Derek slanted a look down at the ground, not
wanting to look at the card. He felt duly embarrassed and deeply
depressed. It was like scoring on your own goalie by accident.
People wanting to console you would just as soon kick you in the
butt.
"Sawchuk's rookie card ... 1951-52
Parkhearse."
The words escaped Derek's mouth in the
forlorn tone of a eulogy. They had lost the zip and salesmanship
with which he'd hoped to impress the dealer. His father had given
him the card as a Christmas present when Derek was ten. He'd looked
into his Dad's eyes like he'd just been handed the sword from the
stone. It was one of those special moments when he'd seen in his
father's eyes the wisdom ... the guile ... and -- just after the
wink -- the warmth.
His father told him about Terry Sawchuk ...
how the goalie had played for Toronto after breaking in with
Detroit in 1949-50. How Sawchuk played on three Stanley Cup winners
in a 21-year career that spanned four decades. How he'd
accomplished a record that would never be broken ... 103 shut-outs.
Then came his untimely death ...
April 29, 1970 ... Sawchuk and teammate Ron
Stewart exit the E & J Pub in Long Beach on Long Island after a
few wobbly pops. On their way home, they get into a heated
argument. They scuffle in the yard of the home they share in nearby
East Atlantic Beach. Terry lands awkwardly and suffers internal
injuries. He dies soon after in the hospital. A career that spanned
1077 games and thousands more sprawls to the ice, ended abruptly
with one in his own front yard.
Derek had sworn he would pass the card on to
his own son. His father had patted him on the head and told him to,
"just have fun with it."
The dealer let out a low whistle. He marveled
at it for a few seconds more and placed it back on the counter.
Swanson inspected the card more for show than anything else. He
knew he could turn this card into fifteen hundred dollars quicker
than a twenty-dollar trifecta trottin' down the home stretch.

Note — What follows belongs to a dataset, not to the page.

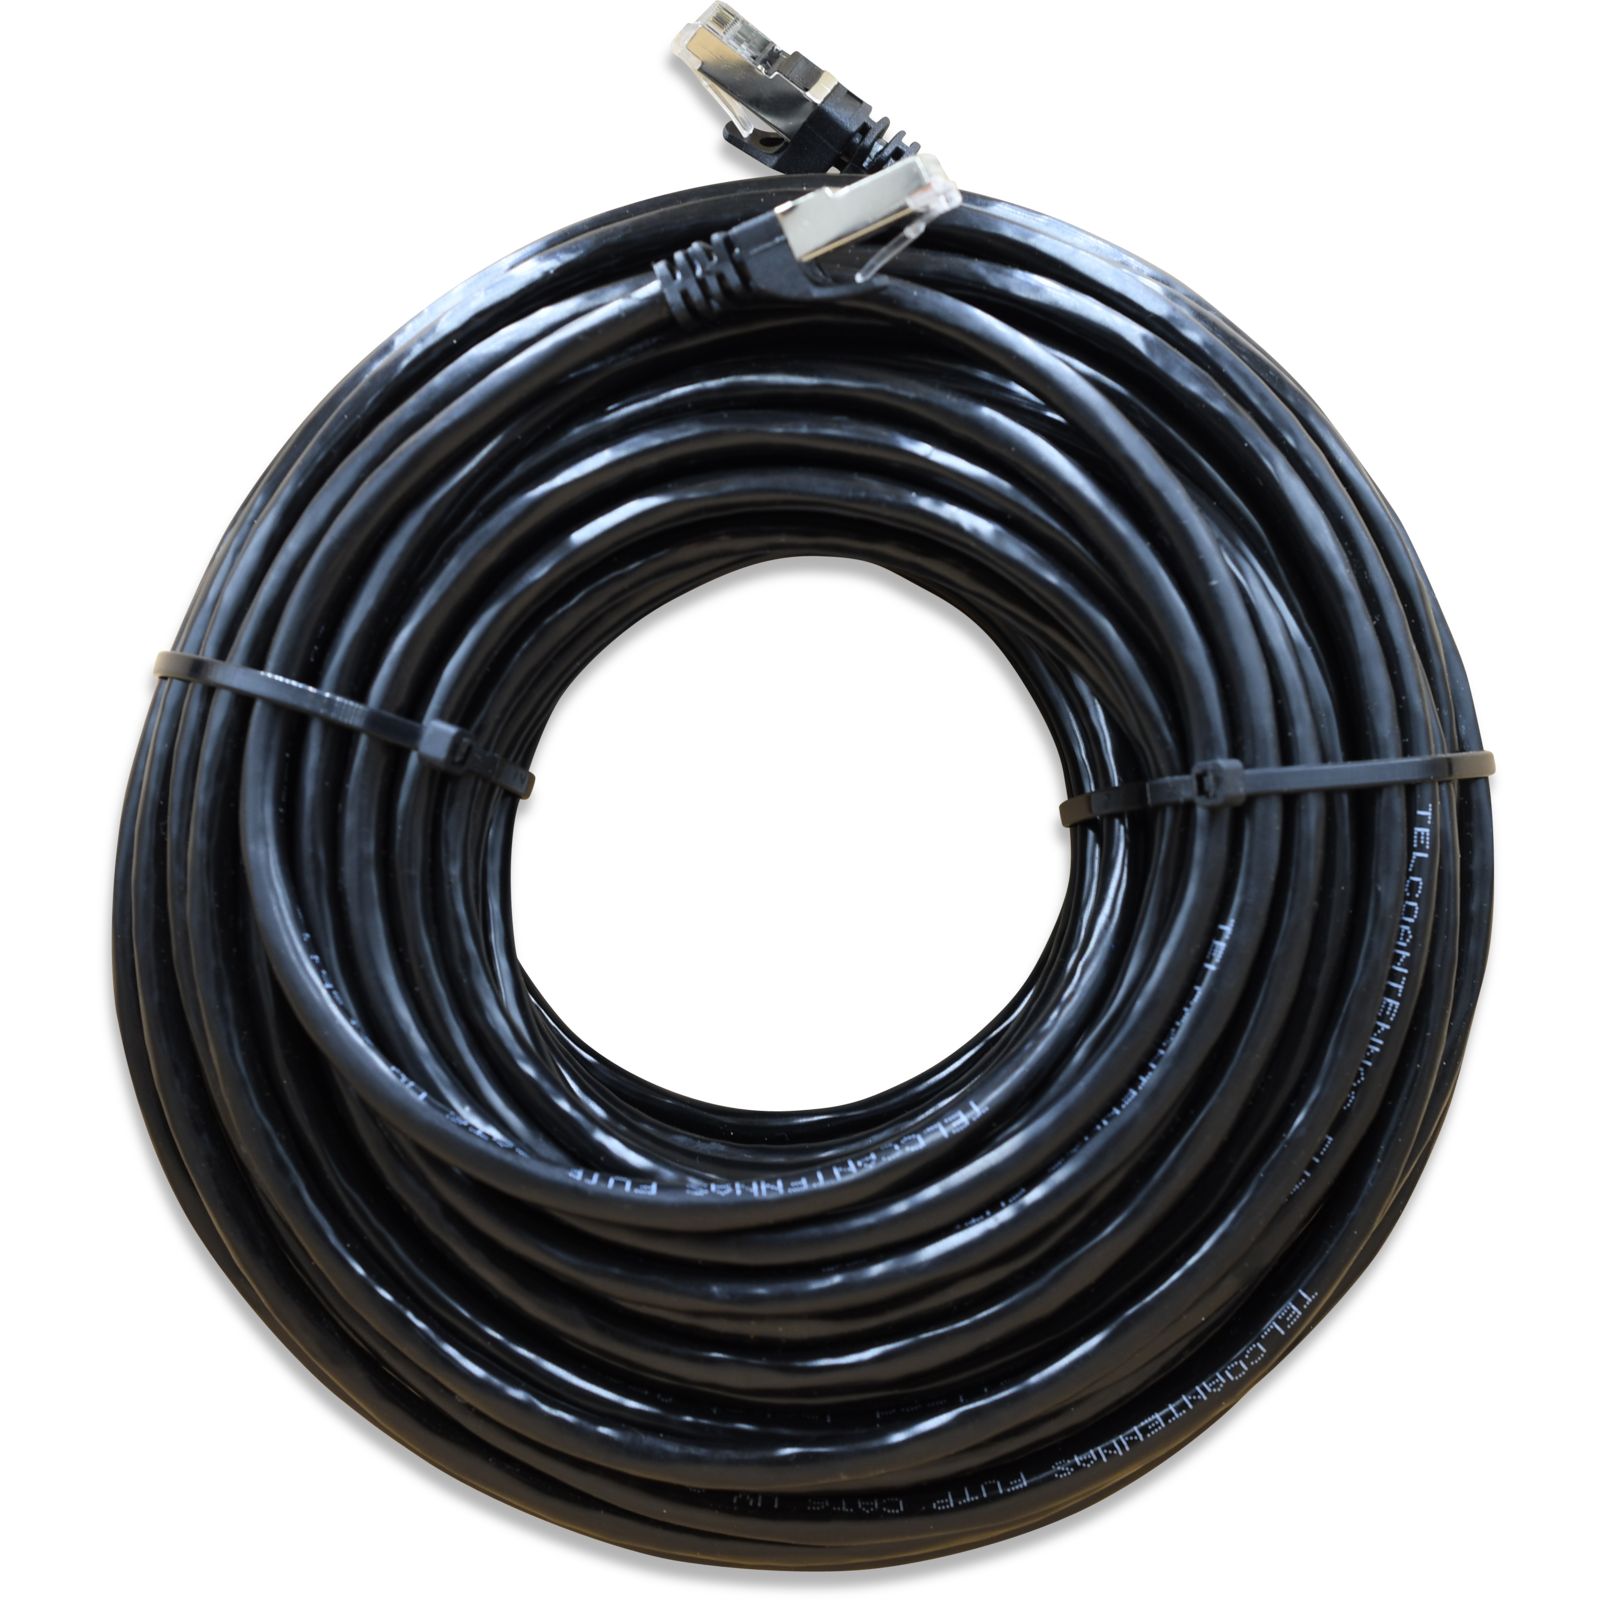 10 Amazing Bulk Ethernet Cable for 2023
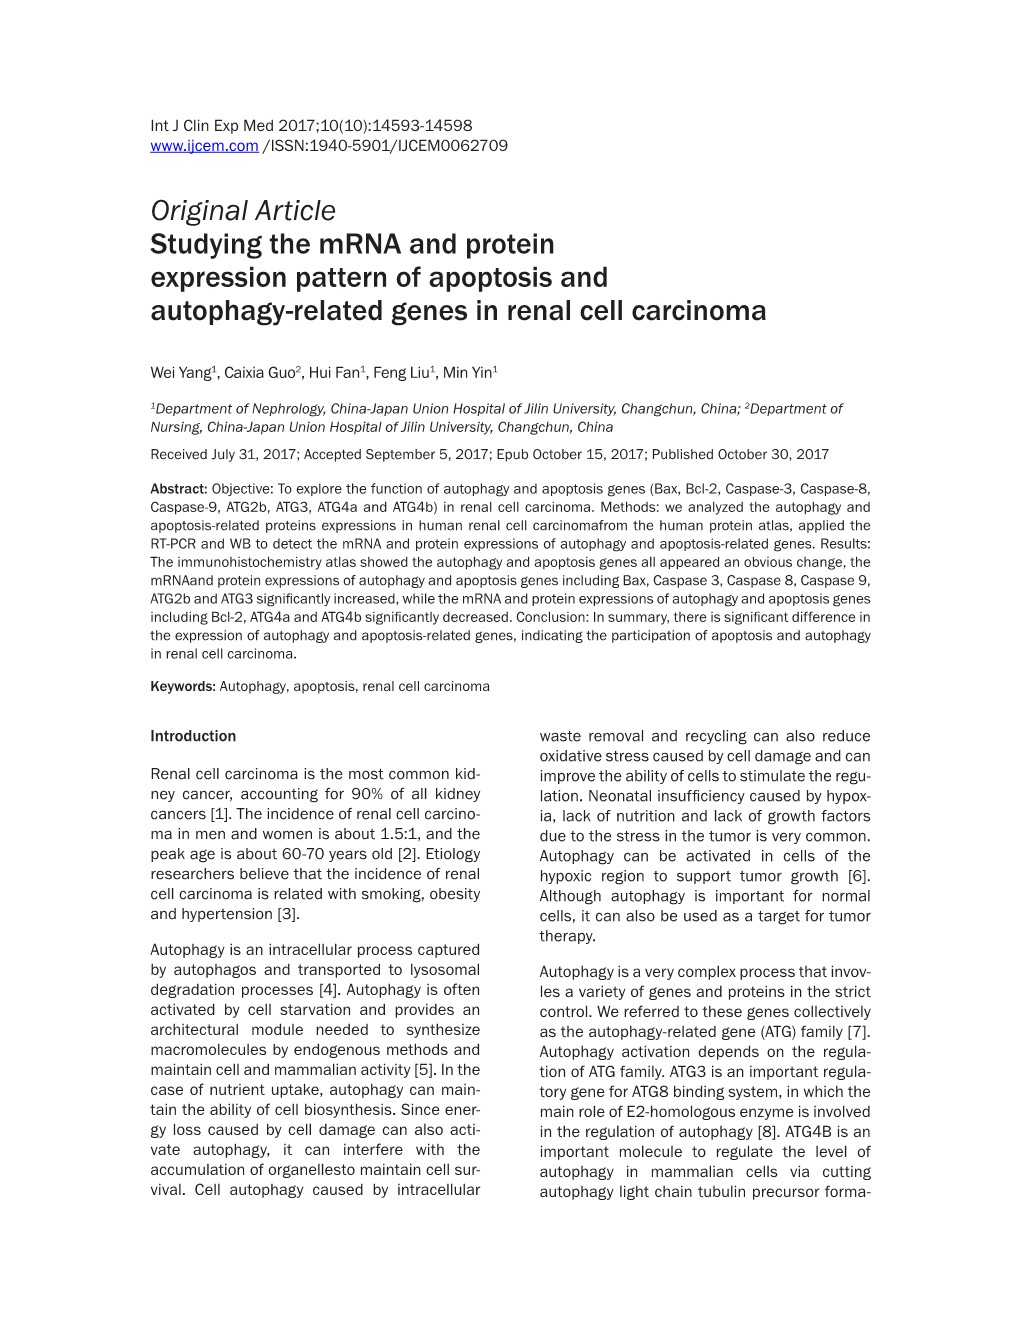 Original Article Studying the Mrna and Protein Expression Pattern of Apoptosis and Autophagy-Related Genes in Renal Cell Carcinoma

"I'll give you nine hundred for it."
Derek kept his head down and shuffled his
feet. They felt like they were encased in concrete buckets. Two
non-descript concrete buckets sat on the edge of a pier with nary a
soul around. No one but the pusher and the pushee. Swanson,
sporting the zoot suit pinstripes and slick moustache wax of a
1930s mobster, nudged a machine gun into Derek's sweat-drenched
back. Marcotte was inches away from walking the short plank of Pier
44's most prolific pirate.
Marcotte peered down into the deep, murky
waters. The short, choppy waves licked at the warm mist. Through
the haze he could barely make out an image on the surface of the
water. The image came into focus, then out again, as the water rose
and fell. It was the pained expression of Terry Sawchuk ... wincing
... disappearing ... and wincing anew.
"Any last words before I complete the circle
of life?" asked Swanson, his Swedish brimming ridiculously with
Brooklynese.
"You couldn't complete a circle at a
three-ring circus."
"Oh, yeah?" Swanson said with a huff. "You
sold your pal down the river ... and now you're gonna go an' meet
him so's to speak. Heh ... heh ..."
The watery Sawchuk expression suddenly froze
in shock -- as if locked to the face of an opponent on a
break-away. Both players waiting, wondering, who was going to make
the first move.
"I'll pretend I didn't hear that," Derek
said. "I can't let it go for under fourteen."
Swanson scratched his chin, massaged it ...
and scratched again. It was the classic pawn shop poker face.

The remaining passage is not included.